One may be forgiven – figuratively not biblically – in assuming that Simpson agrees Jesus saves, but would counter argue that a joint will free your mind from the need for the numerous incarnations of narrow religious rules. To that point, a Rolling Stone article tells a story of Simpson being verbally accosted by a concert goer mad at Simpson for attempting to spread “Gnostic beliefs.”
"Honestly, the conversation was so weird that I had to go out and look on Wikipedia in the van after the show to really understand what Gnostics believe," he said in the Rolling Stone story. "And they do think that we're all remnants of stardust from the one Divine that have been trapped in these physical bodies."
But he throws a bone to the Lord R. God and his flock with “A little Light.”
“Gotta walk that road all the way to Heaven
Gotta walk that road until the dawn
Gotta walk that road all night
All you need is a little light
And the closer you get the brighter it turns on.”
The diehard Americana crowd and 1970s-era rebels who connect frequently with a six-pack of Coors Light and that inner redneck who has seen enough to live and let live will get stupid happy with Sturgill. But it’s doubtful those 17 people will be enough to propel album sales to hoped-for levels.
Simpson’s been labeled a bluegrass singer, a country music singer-songwriter and a honky tonker. Not being a certified or sanctified documenter of the American music scene, I’ll avoid the eventual embarrassment of applying a single moniker to Simpson. But he damn sure is different. The songs on “Metamodern Sounds in Country Music” alternate between soothing, foot-tapping, thought-provoking and this-sounds-twangyfunky-and-would-probably-bend-my-mind-around-itself-if-I-were-stoned-and-in-possession-of-a-lava-lamp.
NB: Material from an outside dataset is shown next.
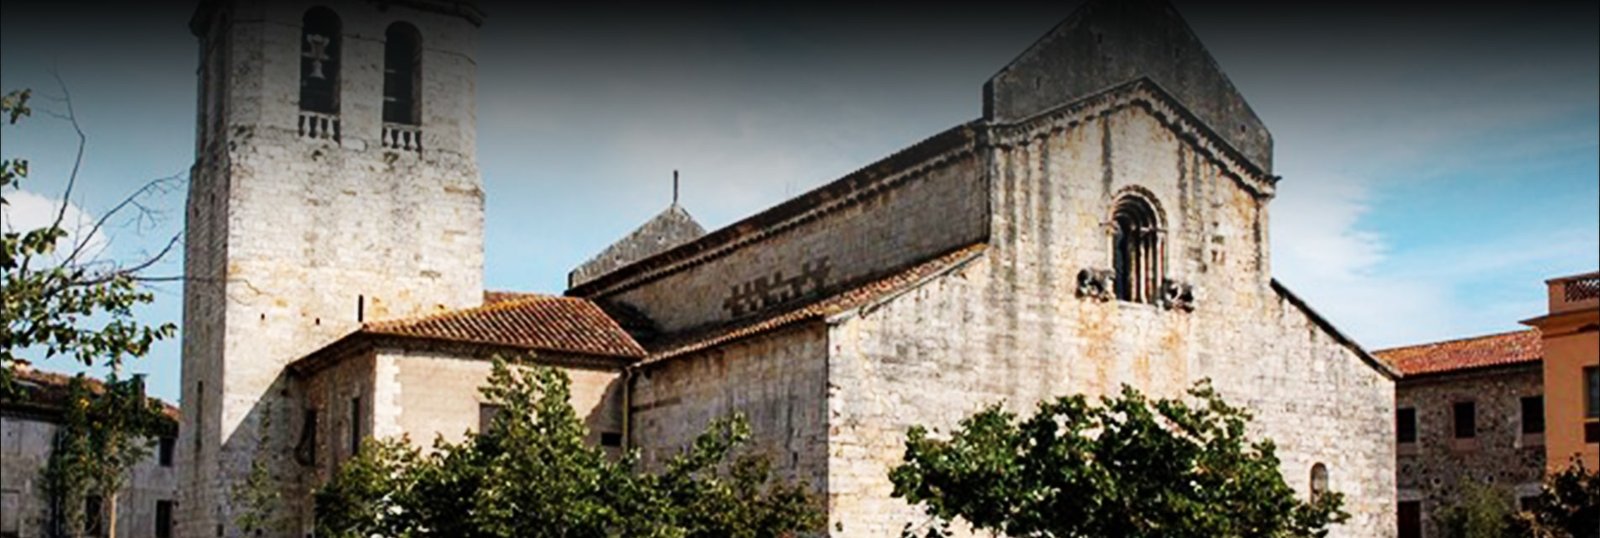 Monasterio de Sant Pere Besalú header - Origenes de Europa

Such is the case with “It Ain’t All Flowers.” The last two minutes of the song is from a parallel universe and used by Stanley Kubrick – may he rest in peace if he were also dead in this other universe – in the opening scenes of this different-universe movie about an enlightened group of stoners who drop out of seminary, move to Haight-Ashbury and just sit around digging on old-school country music.
“I’ve been reading about the idea of cyclical lives — it matches up to the idea of string theory and a multiverse,” Simpson told the Washington Post. “So I wanted to write a record about that instead of another song about broken hearts and drinking.”
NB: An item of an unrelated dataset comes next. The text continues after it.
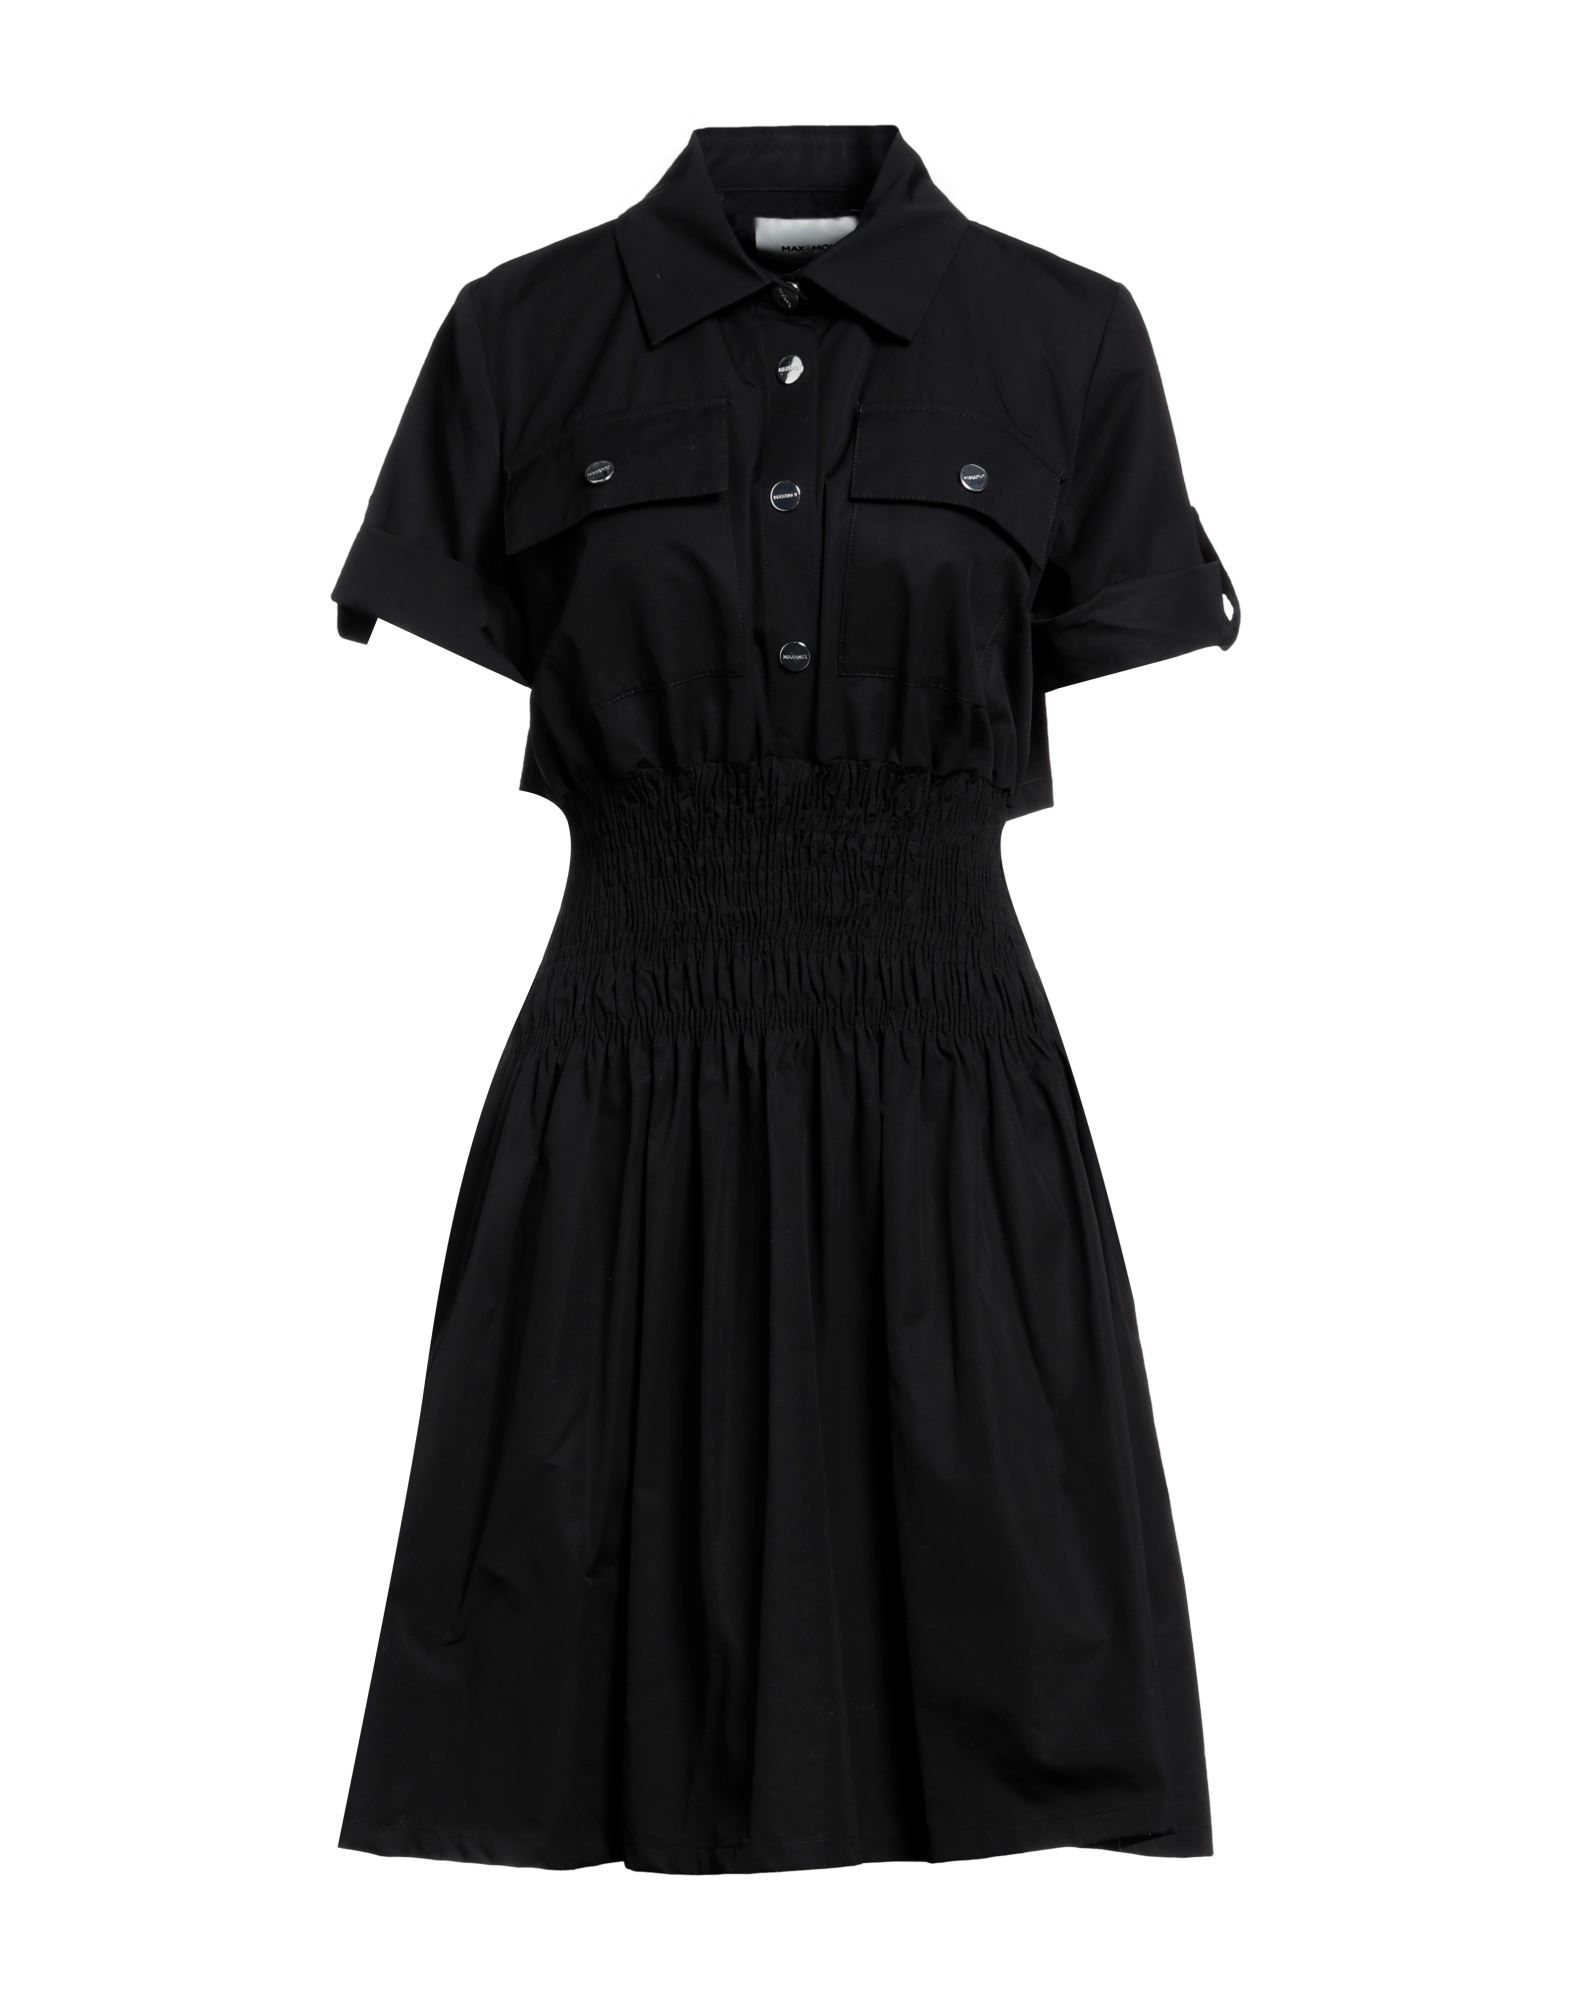 Max & Moi Woman Mini Dress Black Size 8 Cotton

Continuing, according to the Washington Post story, Simpson said of his Metamodern work: “The overall theme is probably love, to be cheesy about it. You spend all this time reading or thinking or praying or searching or exploring. Maybe there’s an Omega Point of love. … And if not, screw it. Just be nice to people.”
Screw it. Just be nice to people.
Hmmmm. Seems like there was once this Jewish fella born in Bethlehem who had a similar simple notion.
Let’s hope Simpson’s brand of country religion doesn’t leave him with too heavy a cross to bear.